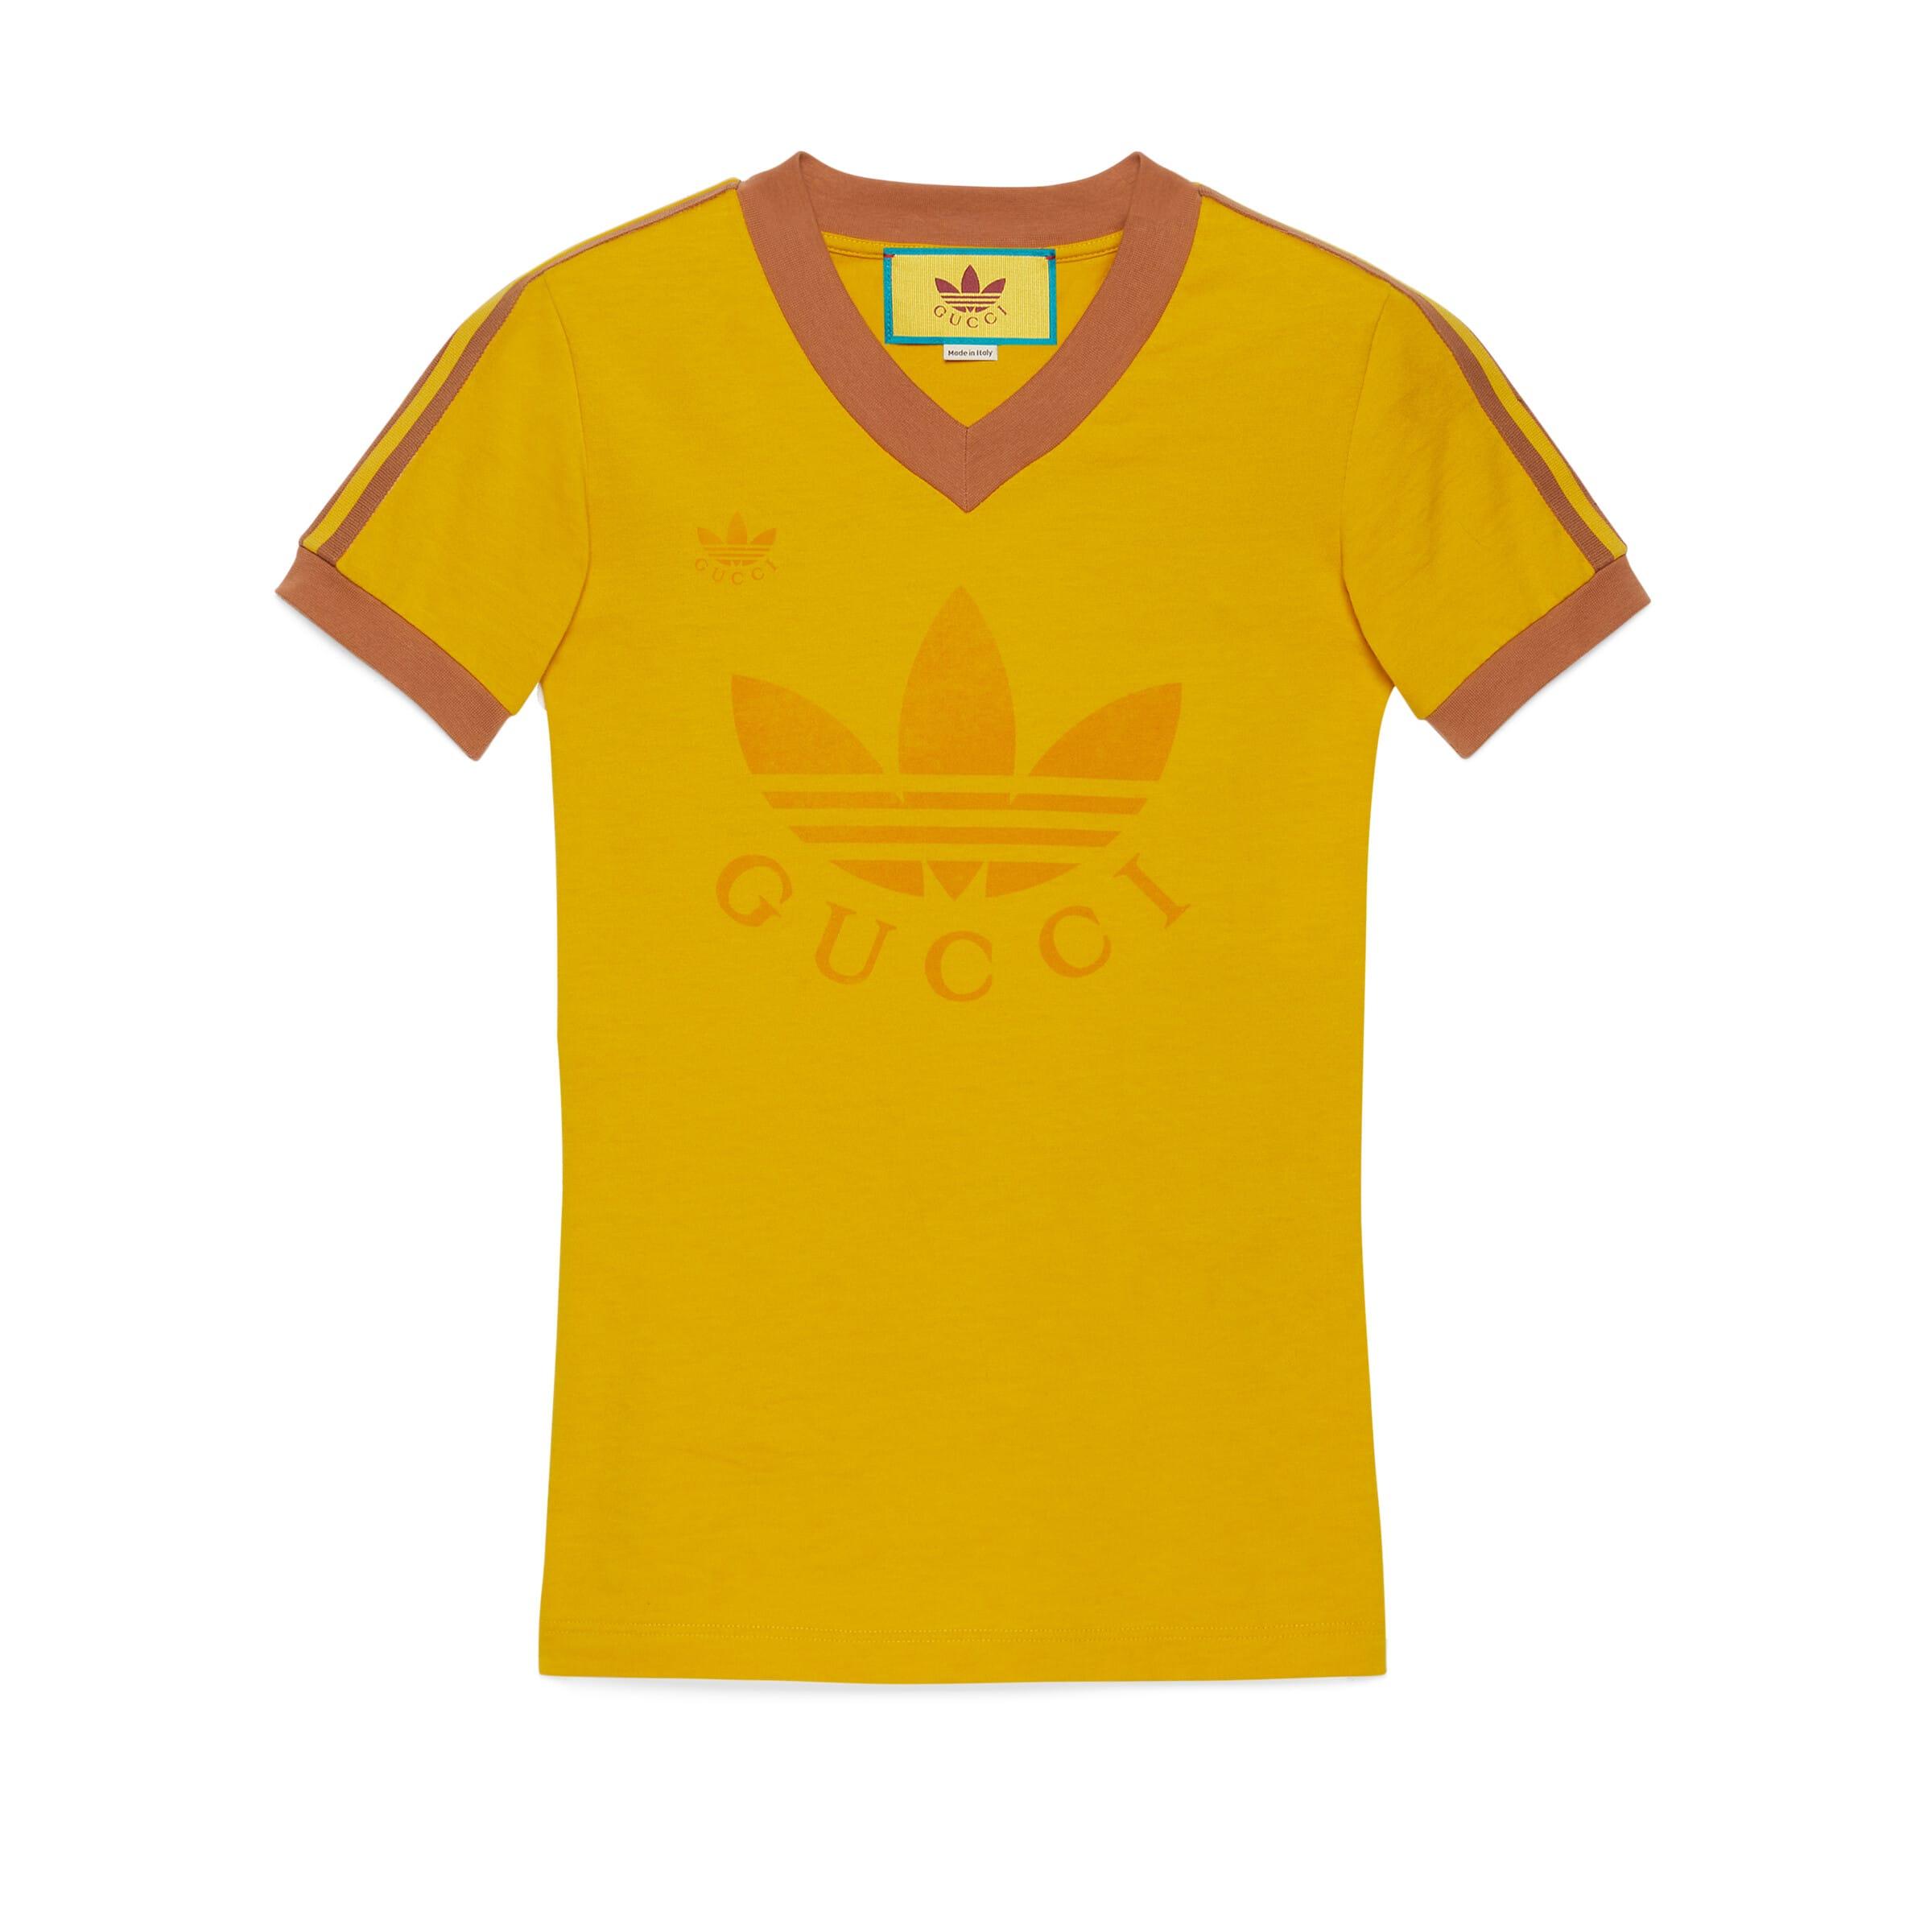 Gucci Adidas X T-shirt in Yellow |
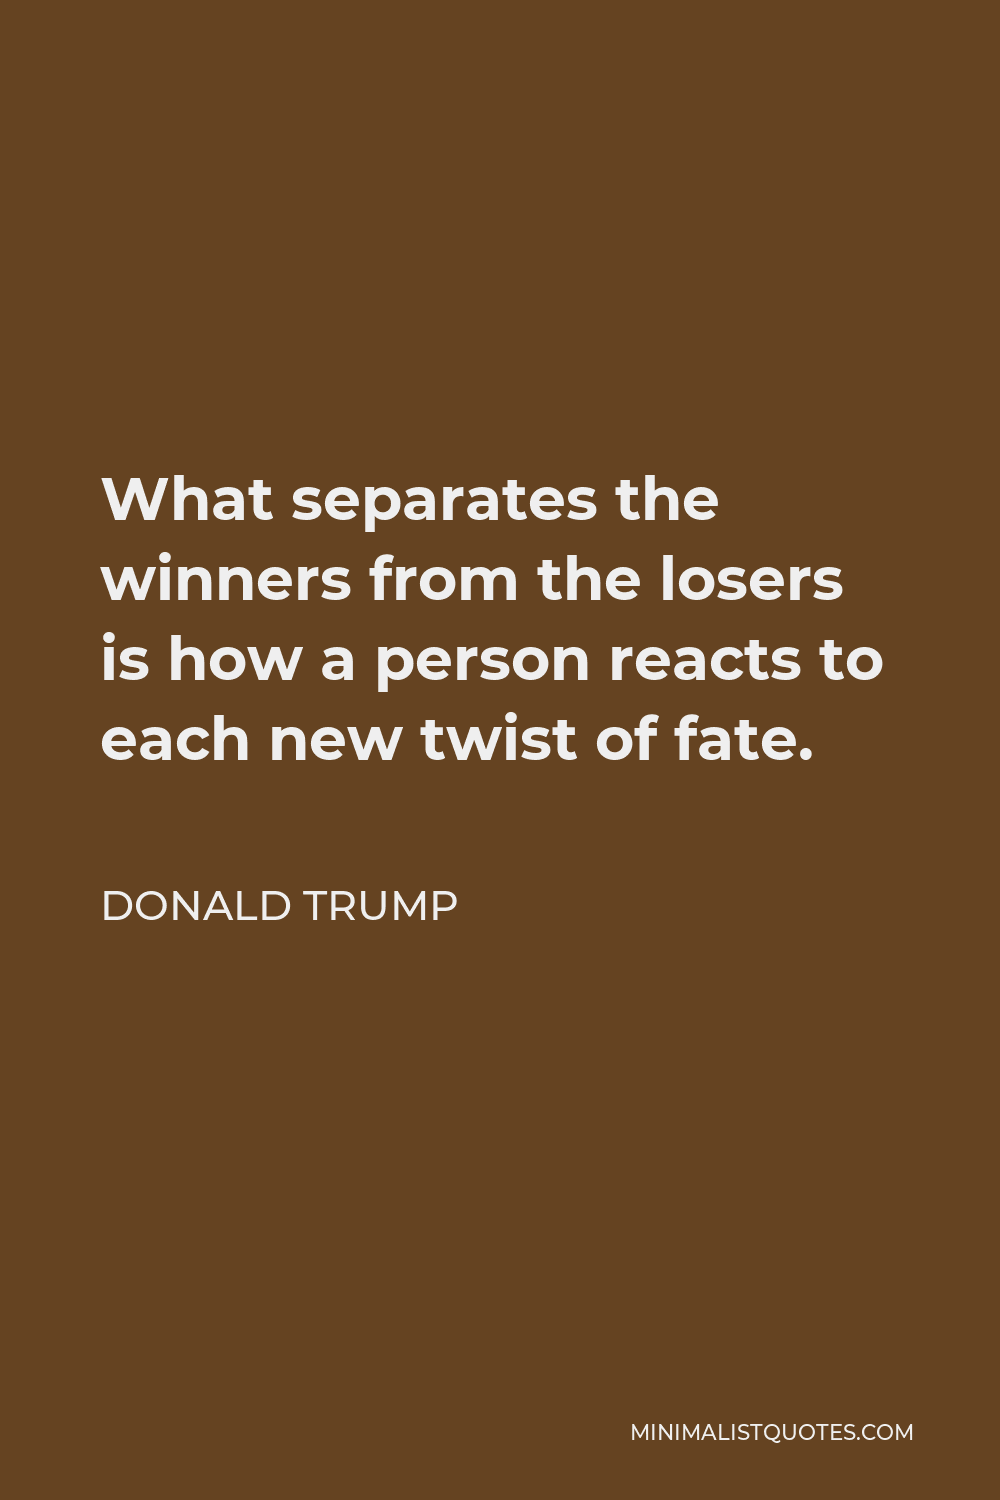 Donald Trump Quote - What separates the winners from the losers is how a person reacts to each new twist of fate.
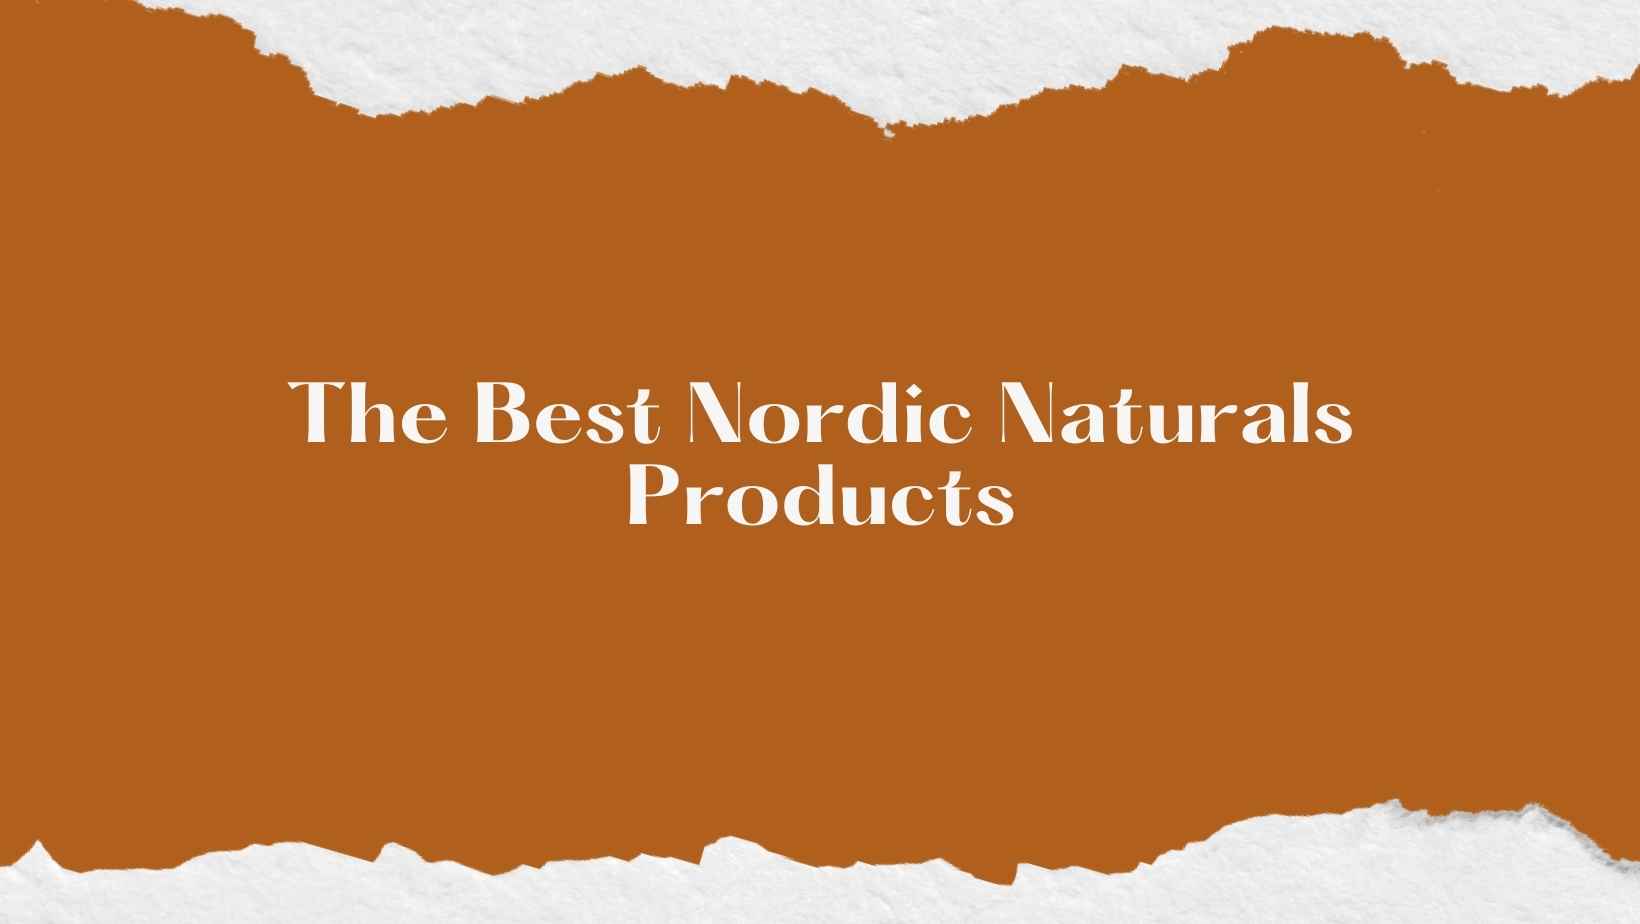 Nordic Naturals Products: Our 5 Favorites

◇ ◇ ◇ ◇ ◇ ◇ ◇

§ Instructions for the task
Retype only the lines above from the one with "Donald Trump Quote" through the last, both ends included, keeping every picture out of the copy.

§ Task response
 Donald Trump Quote - What separates the winners from the losers is how a person reacts to each new twist of fate.
 Nordic Naturals Products: Our 5 Favorites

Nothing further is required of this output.